(What is required): From the records below, output exactly the lines starting at the line with "Simple Models of Walking and Jumping" and ending at the line with "Germany National Team", both of them included, but no pictures.

(Entries shown):
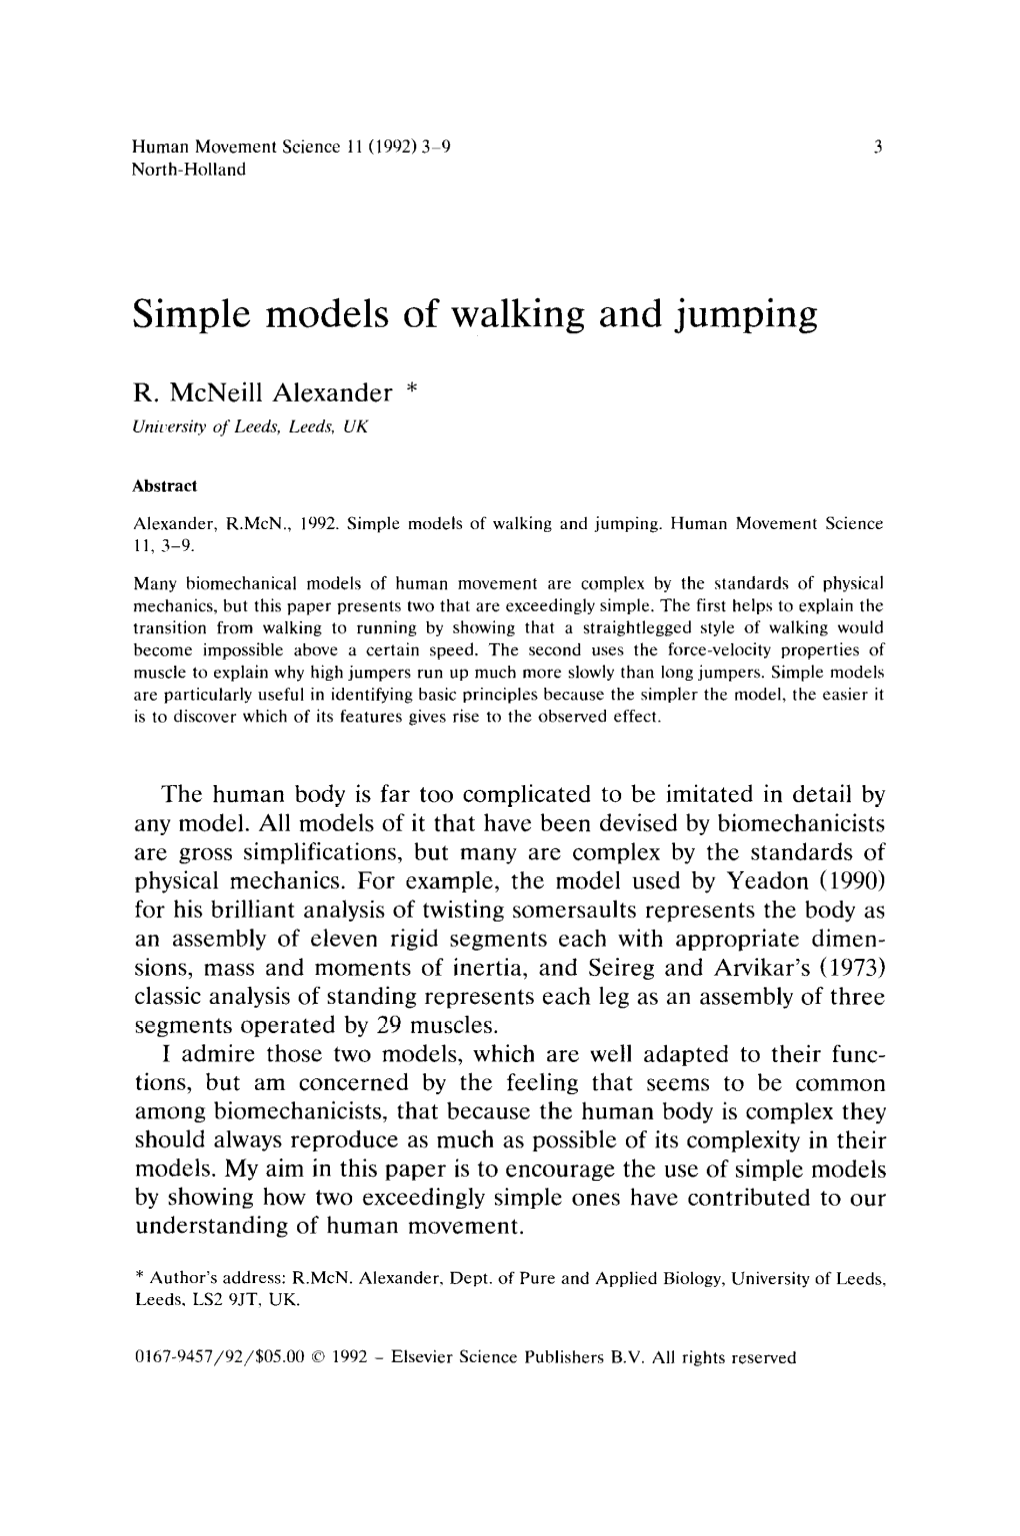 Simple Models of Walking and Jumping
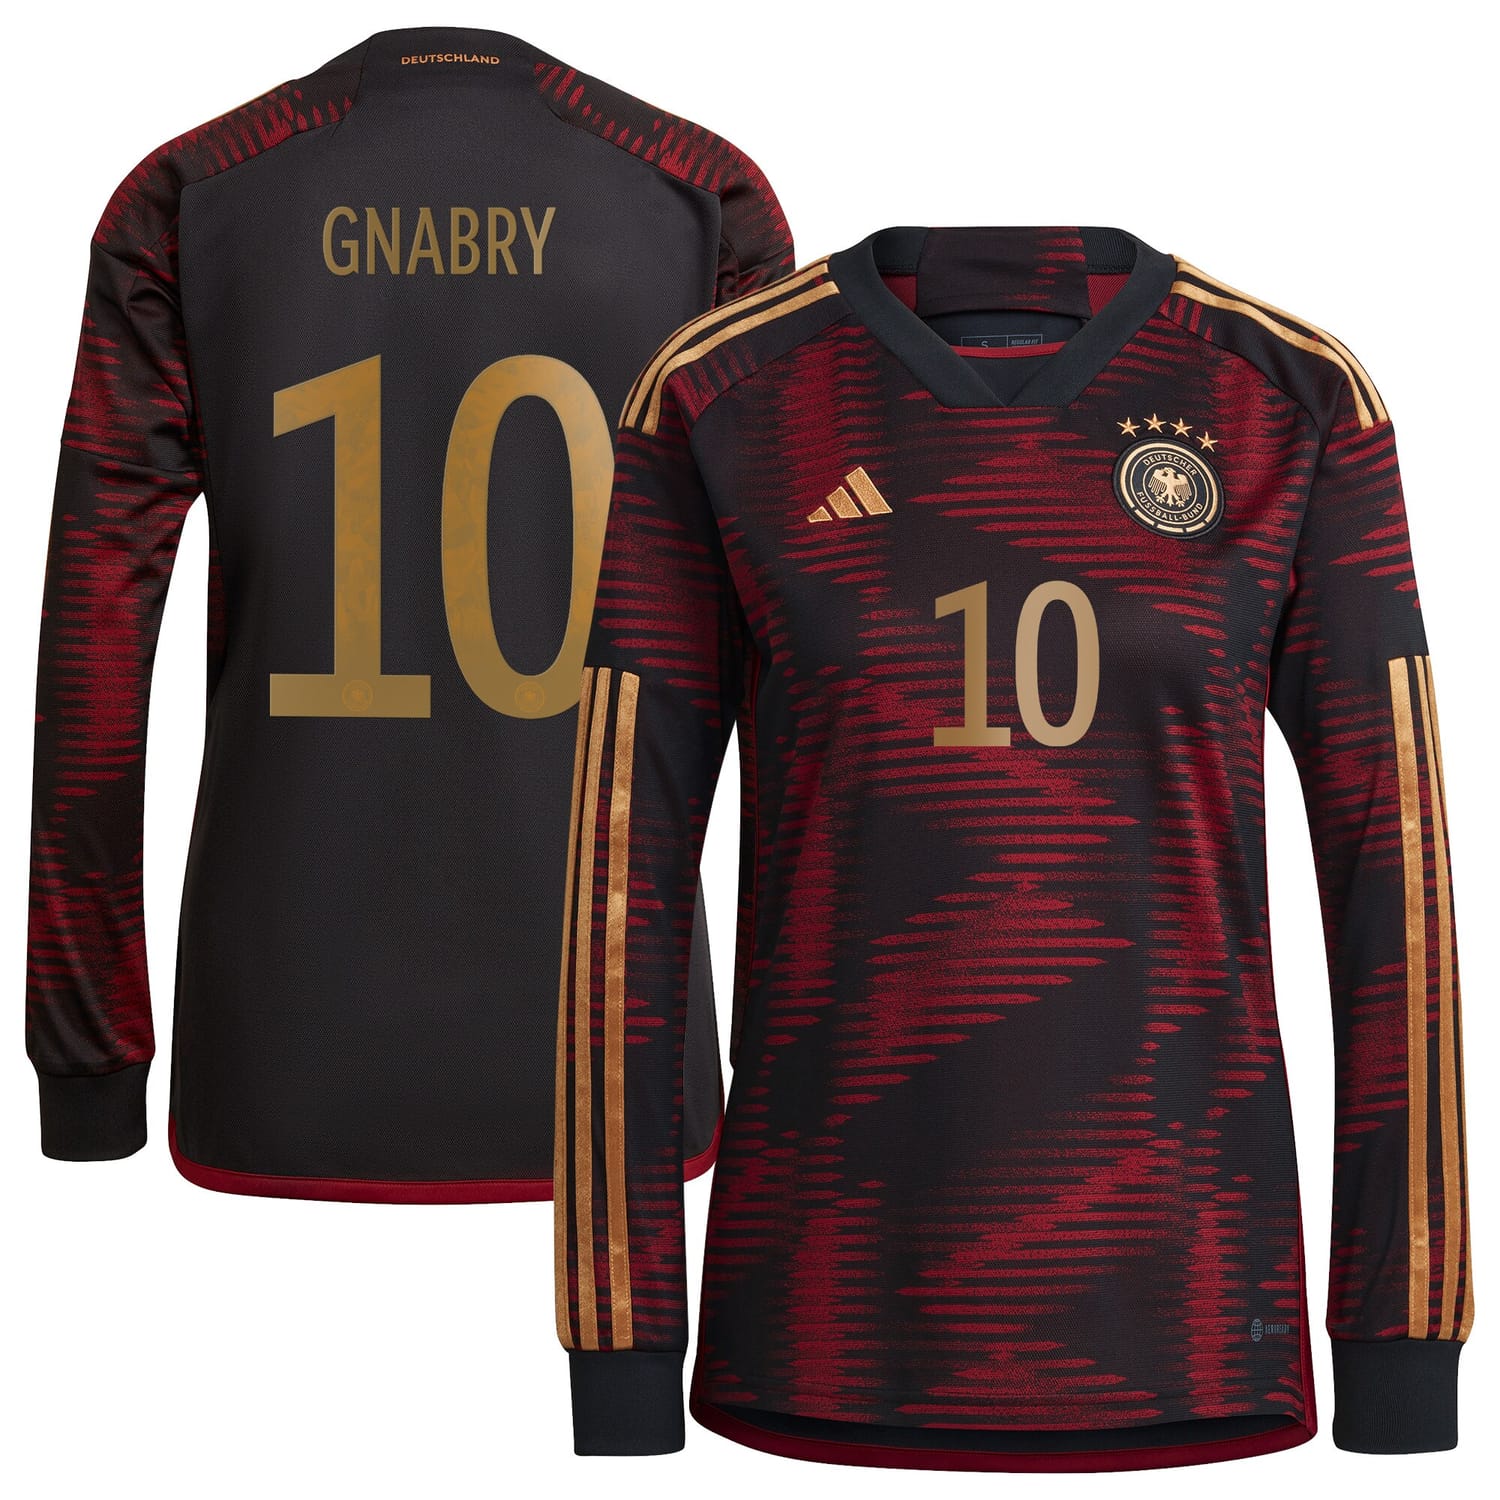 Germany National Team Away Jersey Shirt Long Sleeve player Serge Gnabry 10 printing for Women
* * *
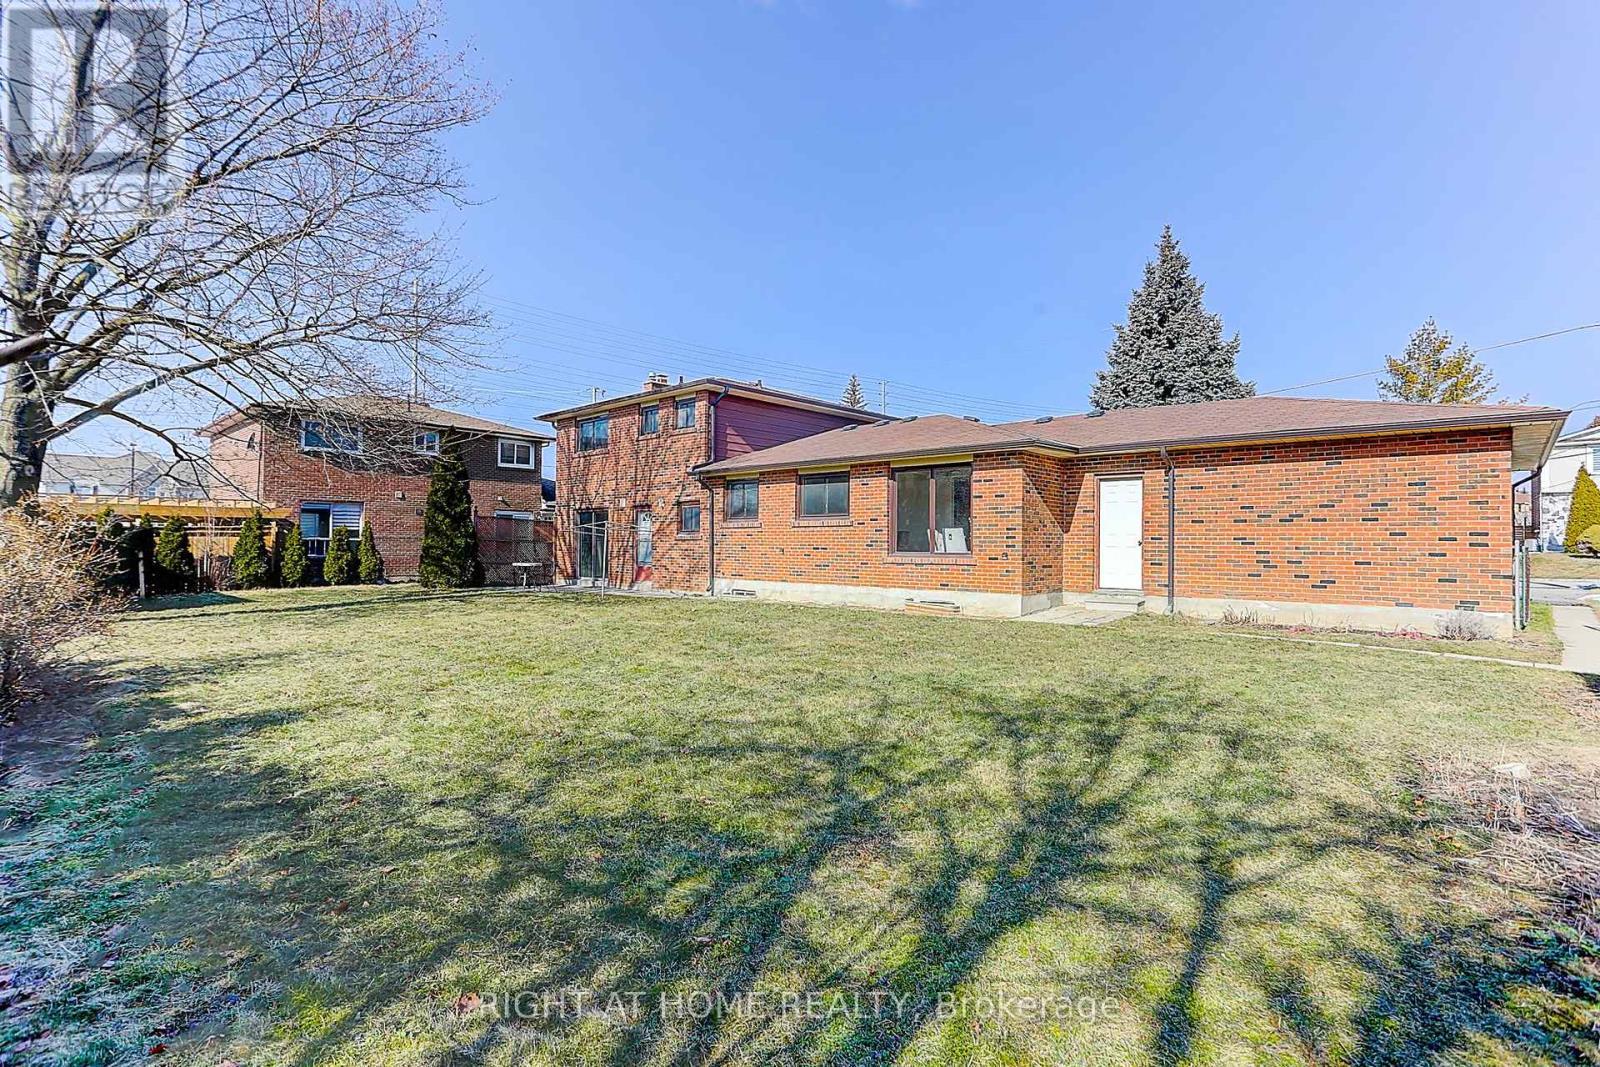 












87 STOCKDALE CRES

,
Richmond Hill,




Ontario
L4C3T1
...
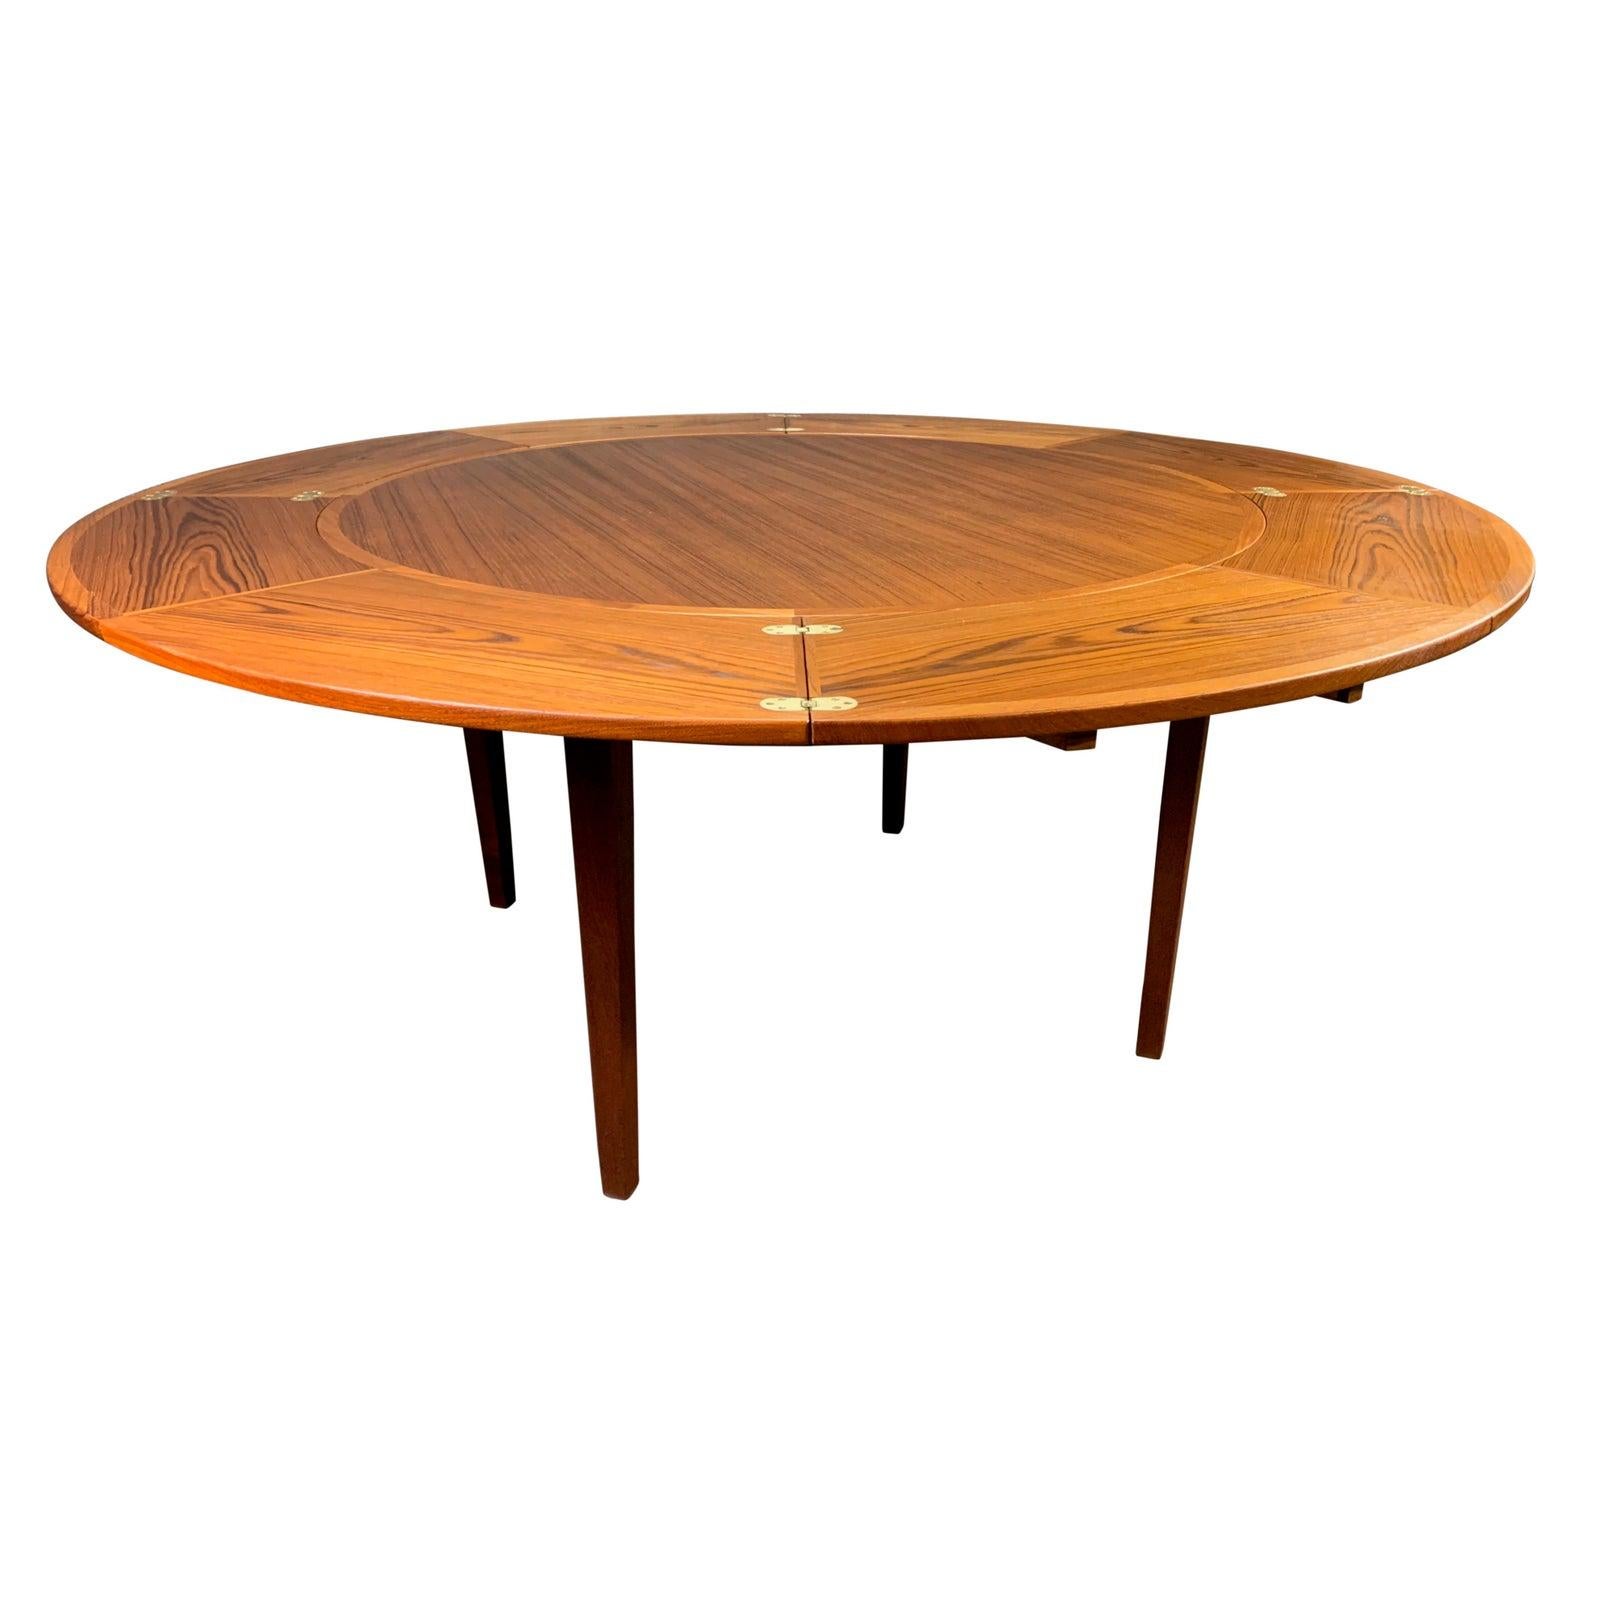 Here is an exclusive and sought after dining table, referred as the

(Written reply):
 Simple Models of Walking and Jumping
 Germany National Team Away Jersey Shirt Long Sleeve player Serge Gnabry 10 printing for Women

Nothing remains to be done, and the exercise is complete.